Minister of Finance (1988–1990)
When Douglas was fired by Prime Minister Lange, Caygill was appointed Minister of Finance in his place. After Lange himself had resigned, Caygill retained his position under both Geoffrey Palmer and Mike Moore, Lange's short-lived successors as Prime Minister. As finance minister he passed the "inflation busting" Reserve Bank Act. He also became Minister of Revenue, but dropped the health portfolio.

In his last budget as Minister of Finance, Caygill lifted the quarantining of rental losses on investment property, allowing an investor to offset losses on their investment property against their other taxable income. Caygill was described as a consummate back-room politician; "Calm, utterly discreet, yet equally forceful, he [Caygill] is said to have people march angrily into his room then leave it an hour later smiling — even if they have lost the argument."

Opposition (1990–1996)
After the defeat of the Fourth Labour Government in November 1990 Caygill became Shadow Minister of Finance. In December 1991 Caygill was replaced as finance spokesperson by Michael Cullen, who was more moderate in his economic policies. Caygill continued to hold a senior position in the Labour Party and was instead appointed Shadow Minister of Justice and Energy.

After Labour's narrow defeat at the 1993 election, Helen Clark won the leadership of the party. At the same time Caygill replaced her as deputy leader defeating Cullen by the narrow margin of 23 votes to 21. He cited Sir Geoffrey Palmer as a role model for his deputy leadership. Under Clark he was Deputy Leader of the Opposition as well as Shadow Attorney-General.
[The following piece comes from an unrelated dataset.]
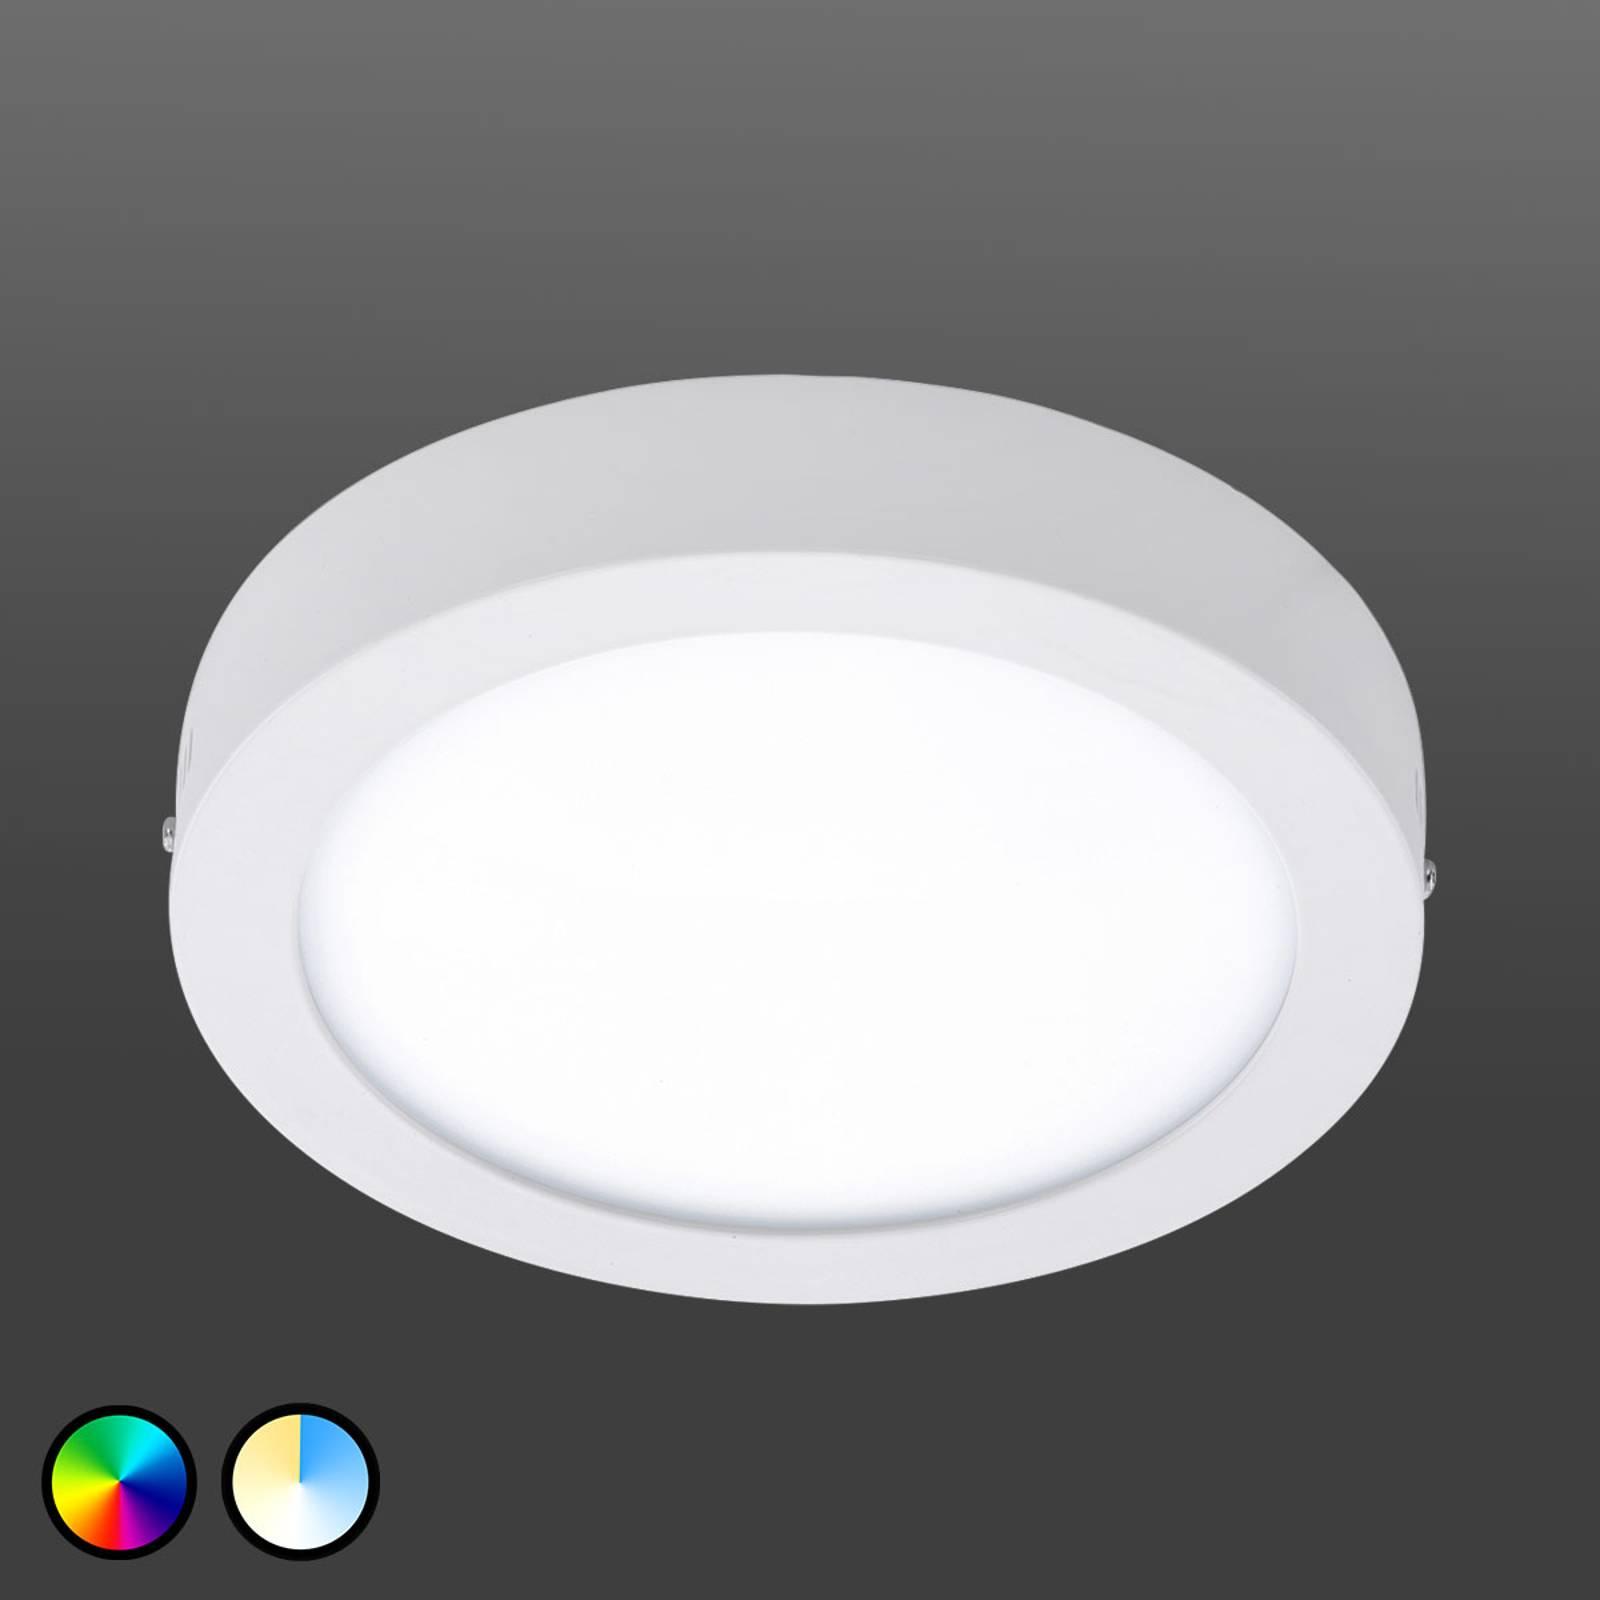 deckenstrahler und andere lampen von eglo bei lampenwelt online kaufen bei m bel garten. Black Bedroom Furniture Sets. Home Design Ideas

In June 1995 after Labour MP Margaret Austin defected from Labour to form a new party, United New Zealand, Caygill replaced her as Shadow Minister of Education. He supported Clark in an attempt to oust her as leader in favour of frontbencher Phil Goff in the lead up to the 1996 election.

Over the course of the parliamentary term Caygill had been privately contemplating retiring from politics. On 7 June he informed Clark that he had decided to stand down at the election. Caygill announced his retirement on 11 June 1996 to a surprised caucus, after which Cullen was elected as his successor as deputy leader unopposed. He said there had been no pressure on him to quit but hoped it would provide the "circuit-breaker" to Labour's troubles. At the 1996 election, Caygill retired from Parliament.

Life after politics

After leaving politics, Caygill returned to his original occupation, law. For some time, he was a partner at Buddle Findlay, a prominent law firm. He also worked for a number of government bodies, and was chair of the Accident Compensation Corporation. He chaired a ministerial inquiry into the New Zealand electricity market in 2000, and was appointed chairman of the Electricity Commission in 2007. He is a board member of the Energy Efficiency and Conservation Authority. He is the chair of the Education New Zealand Trust.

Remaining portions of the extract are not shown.